1. Any request from a member of the public for any Certificate of Compliance from the manufacturer or supplier of a package or packaging component shall be:
• Made in writing with a copy provided to the [state administrative agency];
• Made specific as to package or packaging component information requested;
• Responded to by the manufacturer or supplier within 60 days.
c) If the manufacturer or supplier of the package or packaging component reformulates or creates a new package or packaging component, the manufacturer or supplier shall provide an amended or new Certificate of Compliance for the reformulated or new package or packaging component to all current purchasers.
d) Enforcement: Certificate of compliance. If there are grounds to suspect that a package is being offered for sale in violation of this chapter, the [state administrative agency] may request that the manufacturer or distributor of the package provide a certificate of compliance with the applicable provisions of this chapter.

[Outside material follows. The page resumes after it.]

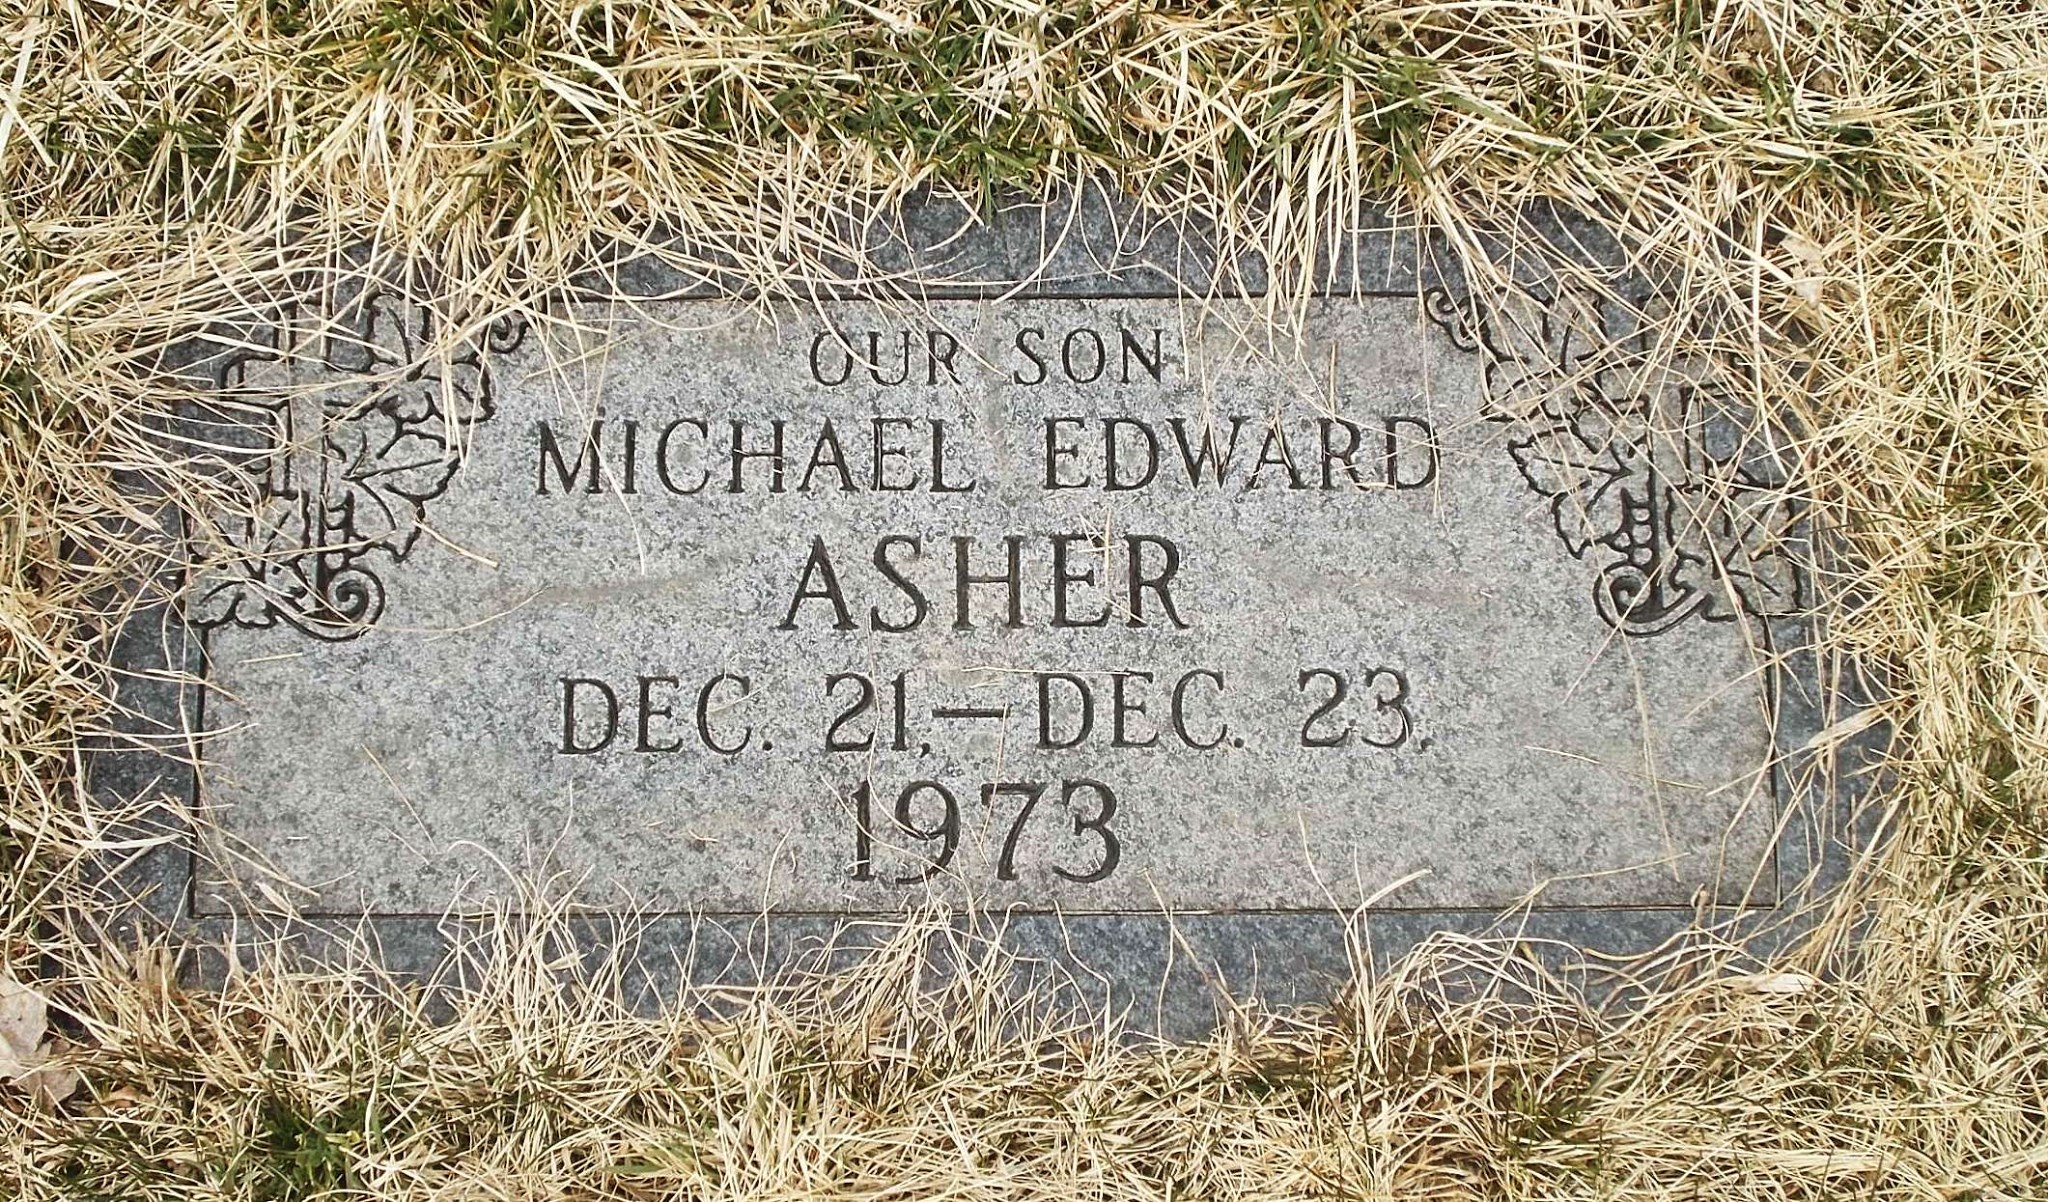 Michael Edward Asher

Within 30 days of receipt of a request under this subsection, the manufacturer or distributor shall:
1. Provide the [state administrative agency] with the certificate attesting that the package does not contain a chemical regulated under this act; or
2. Notify persons who sell the package in this State that the sale of the package is prohibited and provide the [state administrative agency] with a copy of the notice and a list of the names and addresses of those notified.
Section 8. State Review:
The [state administrative agency] may consult with the Toxics in Packaging Clearinghouse (TPCH) to review the effectiveness of this Act within five years of its adoption and every 5 years thereafter. The [state administrative agency] may provide a report based upon that review to the Governor and Legislature. The report may contain recommendations to add other chemicals contained in packaging to the list set forth in this Act in order to further reduce the toxicity of packaging waste, and a description of the nature of the substitutes used in lieu of lead, mercury, cadmium, hexavalent chromium, PFAS, phthalates and other regulated chemicals.
Section 9. Multi-State Clearinghouse:
The [state administrative agency] is authorized to participate in the Toxics in Packaging Clearinghouse, a multi-state organization, to assist in carrying out the requirements of this [Title/Act/section] and help coordinate joint outreach and education, responses to manufacturer inquiries, review of exemption requests, packaging screening and testing projects, and any other reports, activities or related functions that benefit from the cooperative efforts of multiple states regarding implementation of their toxics in packaging provisions.
Section 10. Implementation, administration and enforcement; rules; violations:
1. The department shall implement, administer and enforce this chapter and may adopt rules as necessary for the implementation, administration and enforcement of this chapter.
2. Violations. A person that violates any provision of this chapter is subject to penalties in accordance with (the appropriate state authority). Each state to add its own enforcement provisions as necessary.
Section 11. Severability and Construction.
The provisions of this Act shall be severable, and if any court declares any phase, clause, sentence, or provision of this Act to be invalid, or its applicability to any government, agency, person, or circumstance is declared invalid, the remainder of the Act and its relevant applicability shall not be affected. The provisions of this Act shall be liberally construed to give effect to the purposes thereof.
Section 12. Effective Date.
This Act shall become effective immediately upon adoption.
As revised, December 1998, October 2004, December 2008, July 2012, February 2021.